- **Exercise goal**:
When you reach the line containing "Guide to Vietnamese" in the data below, begin returning lines exactly as written, and stop once the line containing "PABLO PICASSO, LITHOGRAPHIC" has been returned.

(Data records)
^^^^
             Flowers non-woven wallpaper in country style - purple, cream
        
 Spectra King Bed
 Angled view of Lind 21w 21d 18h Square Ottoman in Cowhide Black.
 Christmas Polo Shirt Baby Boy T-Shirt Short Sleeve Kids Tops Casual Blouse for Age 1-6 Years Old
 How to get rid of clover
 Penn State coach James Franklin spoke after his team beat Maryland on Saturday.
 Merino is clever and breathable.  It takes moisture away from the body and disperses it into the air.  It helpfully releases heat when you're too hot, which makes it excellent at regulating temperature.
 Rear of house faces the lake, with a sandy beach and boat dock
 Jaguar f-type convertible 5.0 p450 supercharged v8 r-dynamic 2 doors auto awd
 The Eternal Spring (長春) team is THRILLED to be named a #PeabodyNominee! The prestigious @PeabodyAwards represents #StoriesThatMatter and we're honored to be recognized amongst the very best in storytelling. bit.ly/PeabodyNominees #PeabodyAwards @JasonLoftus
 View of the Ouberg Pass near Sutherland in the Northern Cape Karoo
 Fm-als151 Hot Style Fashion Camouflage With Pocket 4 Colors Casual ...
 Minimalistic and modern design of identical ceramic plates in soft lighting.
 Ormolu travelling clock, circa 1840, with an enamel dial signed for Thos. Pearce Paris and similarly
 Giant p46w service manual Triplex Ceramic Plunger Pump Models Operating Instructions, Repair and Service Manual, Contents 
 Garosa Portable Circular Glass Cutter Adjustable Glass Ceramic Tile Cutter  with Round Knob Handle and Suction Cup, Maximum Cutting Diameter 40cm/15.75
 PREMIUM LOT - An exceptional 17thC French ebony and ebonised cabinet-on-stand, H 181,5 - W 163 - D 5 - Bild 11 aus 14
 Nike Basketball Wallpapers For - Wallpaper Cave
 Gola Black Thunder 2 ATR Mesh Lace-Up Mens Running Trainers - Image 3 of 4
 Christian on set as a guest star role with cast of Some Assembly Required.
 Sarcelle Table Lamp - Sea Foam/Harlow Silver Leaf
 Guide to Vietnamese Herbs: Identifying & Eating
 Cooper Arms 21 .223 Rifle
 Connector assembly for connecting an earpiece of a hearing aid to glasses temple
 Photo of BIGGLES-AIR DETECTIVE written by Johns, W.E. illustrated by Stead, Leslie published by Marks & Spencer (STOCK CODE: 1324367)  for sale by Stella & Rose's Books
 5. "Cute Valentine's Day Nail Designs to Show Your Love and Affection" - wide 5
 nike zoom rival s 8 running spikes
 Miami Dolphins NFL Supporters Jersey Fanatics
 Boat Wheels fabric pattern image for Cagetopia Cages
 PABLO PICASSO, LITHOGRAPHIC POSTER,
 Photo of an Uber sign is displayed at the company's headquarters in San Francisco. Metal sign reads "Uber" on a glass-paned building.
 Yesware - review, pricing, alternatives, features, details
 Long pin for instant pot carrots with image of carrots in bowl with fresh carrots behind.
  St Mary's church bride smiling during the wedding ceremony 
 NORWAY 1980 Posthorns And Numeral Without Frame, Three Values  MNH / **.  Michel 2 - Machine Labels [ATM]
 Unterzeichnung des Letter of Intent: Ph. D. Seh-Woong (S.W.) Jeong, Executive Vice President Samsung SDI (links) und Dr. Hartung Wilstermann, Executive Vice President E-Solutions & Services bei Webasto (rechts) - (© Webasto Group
^^^^
- **Written reply**:
 Guide to Vietnamese Herbs: Identifying & Eating
 Cooper Arms 21 .223 Rifle
 Connector assembly for connecting an earpiece of a hearing aid to glasses temple
 Photo of BIGGLES-AIR DETECTIVE written by Johns, W.E. illustrated by Stead, Leslie published by Marks & Spencer (STOCK CODE: 1324367)  for sale by Stella & Rose's Books
 5. "Cute Valentine's Day Nail Designs to Show Your Love and Affection" - wide 5
 nike zoom rival s 8 running spikes
 Miami Dolphins NFL Supporters Jersey Fanatics
 Boat Wheels fabric pattern image for Cagetopia Cages
 PABLO PICASSO, LITHOGRAPHIC POSTER,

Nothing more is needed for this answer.